The group’s executive chairman said the first part of iSoft’s Lorenzo product suite will be Lorenzo Studio, which is set to be launched internationally at the Medica trade show this November. He said Lorenzo Studio has the potential to become a common “health operating system”, able to utilise web services to link together a range of legacy systems.

Indeed, he bullishy laid out ambitions for Lorenzo Studio to become nothing less than the common platform for healthcare internationally. “It will have a valuable role in transforming healthcare worldwide,” he predicted.

Lorenzo Studio pitched as a platform

Lorenzo Studio is being pitched as a platform that is able to provide the common services required to knit together both existing and future iSoft clinical applications and, more intriguingly, third party applications. The new mantra is about helping healthcare organisations to get the most out of their existing IT investments and data.

Cohen told EHI that Lorenzo Studio was built from the ground up to be based on use of web services, giving it a great deal of flexibility. “You can put it on top of existing administration systems and put clinical applications on top.”

He said the platform is being designed to “contain a lot of the legacy systems you’ve got in healthcare currently.” And in an eye-catching announcement, he revealed that the plan is now to open the application programming interfaces (APIs) of Lorenzo Studio to third party developers, to try and become a default standard.

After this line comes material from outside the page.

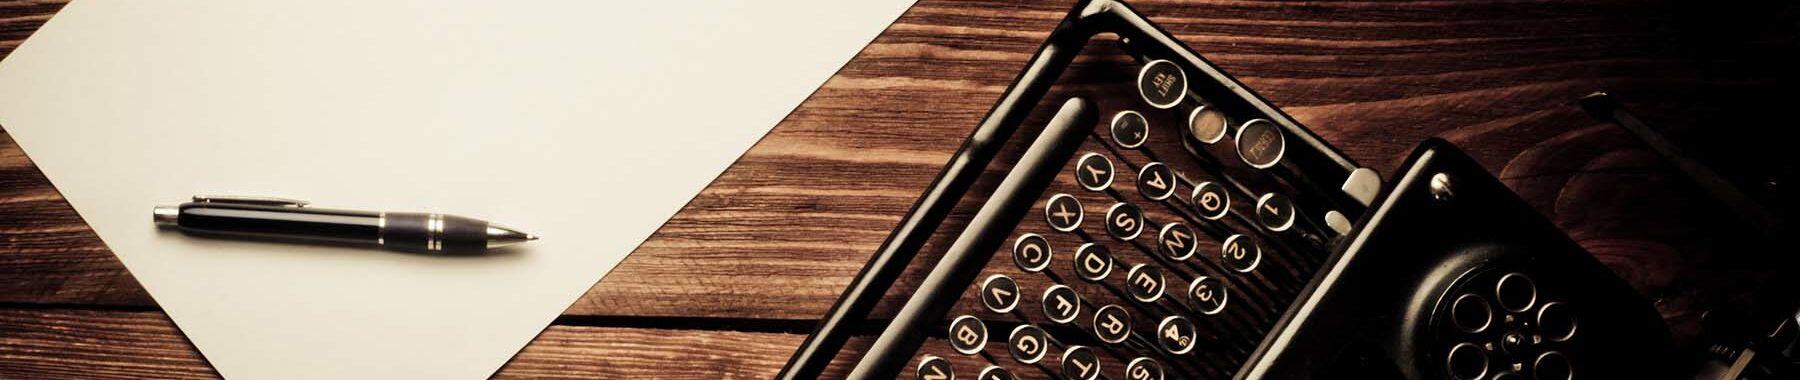 Eine alte Schreibmaschine mit Blatt auf Holz zur Bebilderung von Interviews, die Paartherapeutin Julia Bellabarba mit Zeitungen geführt hat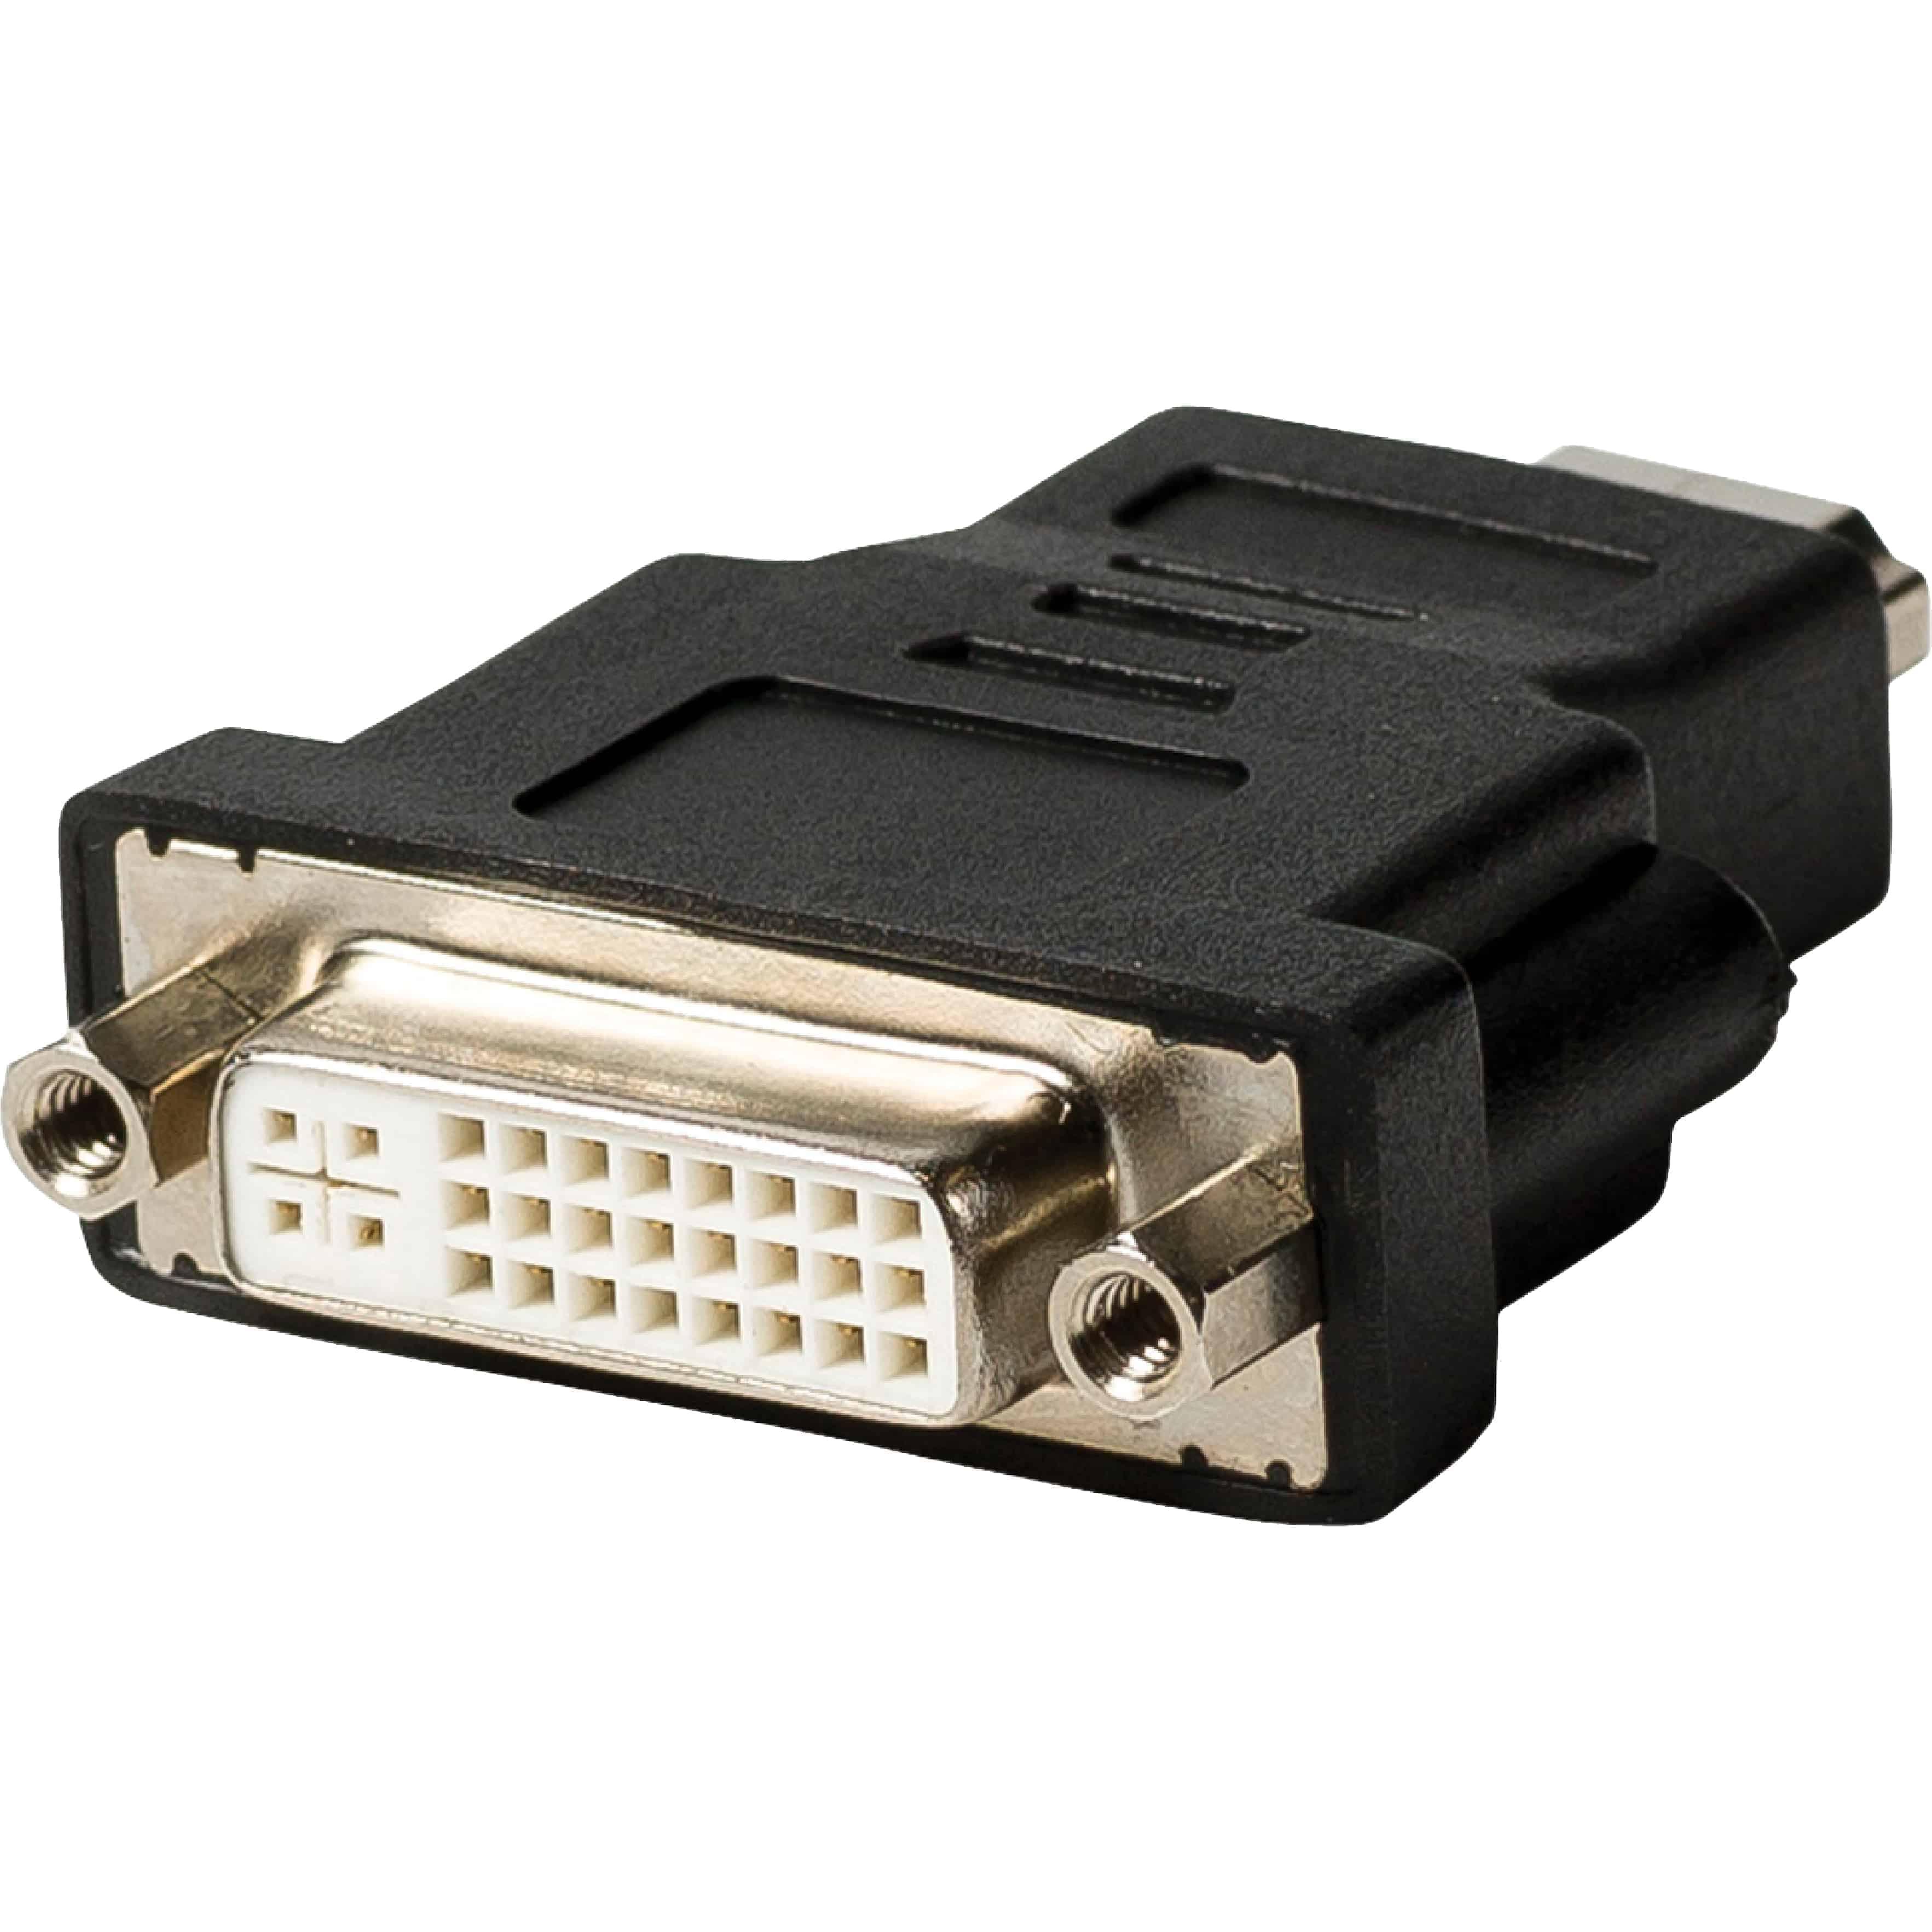 HDMI ADAPTERI HDMI - DVI NAARAS

Cohen explained the thinking: “It’s an effective way to get rapid take-up, and means it won’t be necessary for us to create applications,” he said. “If we have the platform and the architecture do we really care what applications sit upon top of our architecture.”

He stressed that developing from the ground up for web services fundamentally changed what was possible. “You can use web services to do all the core things you want to in an electronic health record.”

Aimed at the international market

Lorenzo Studio is specifically aimed at the international market. Cohen made it clear that the product is not the same as the full, end-to-end Lorenzo Regional product that the company remains contracted to deliver to much of the the NHS, through its key customer Computer Sciences Corporation.

“Lorenzo is what has been developed for the NPfIT programme, which is the platform with lots of applications to allow hospitals and other service providers to do a whole lot of detailed stuff. Lorenzo Studio will be be a common platform or spine that we think many countries will find appealing.”

He said interest had already been shown by health bodies in Australia and Germany, and that he expected this would be the way the market would go in other countries, including the US.

“We’re designing this for our international market. The difficulty is that the NHS has a particular contract and model they are working to, and this is the full Lorenzo product with full Lorenzo product set.”

But in other countries around the world, Cohen said there simply wasn’t enough money to replace current legacy systems. “In other contries, the issue is how to get benefit from existing systems,” he said. “The UK started from wanting to replace legacy systems; at the time contracts were awarded, there weren’t the software and technologies around that there are around now.”

Living in America

The focus on the US is new. Only last year, the IBA boss said that the market was too big for for it to look to tackle and that it was better placed and experienced to target socialised healthcare systems.

In his phone interview, however, Cohen said: “We think this will have a large application in the US,” arguing: “It could potentially be run by Health Management Organisations who run distributed healthcare models.”

Cohen acknowledged, however, that any attempt to tackle the US market would mean trying to tackle a fiercely contested market, taking on some very capable and experienced comeptitors in the process.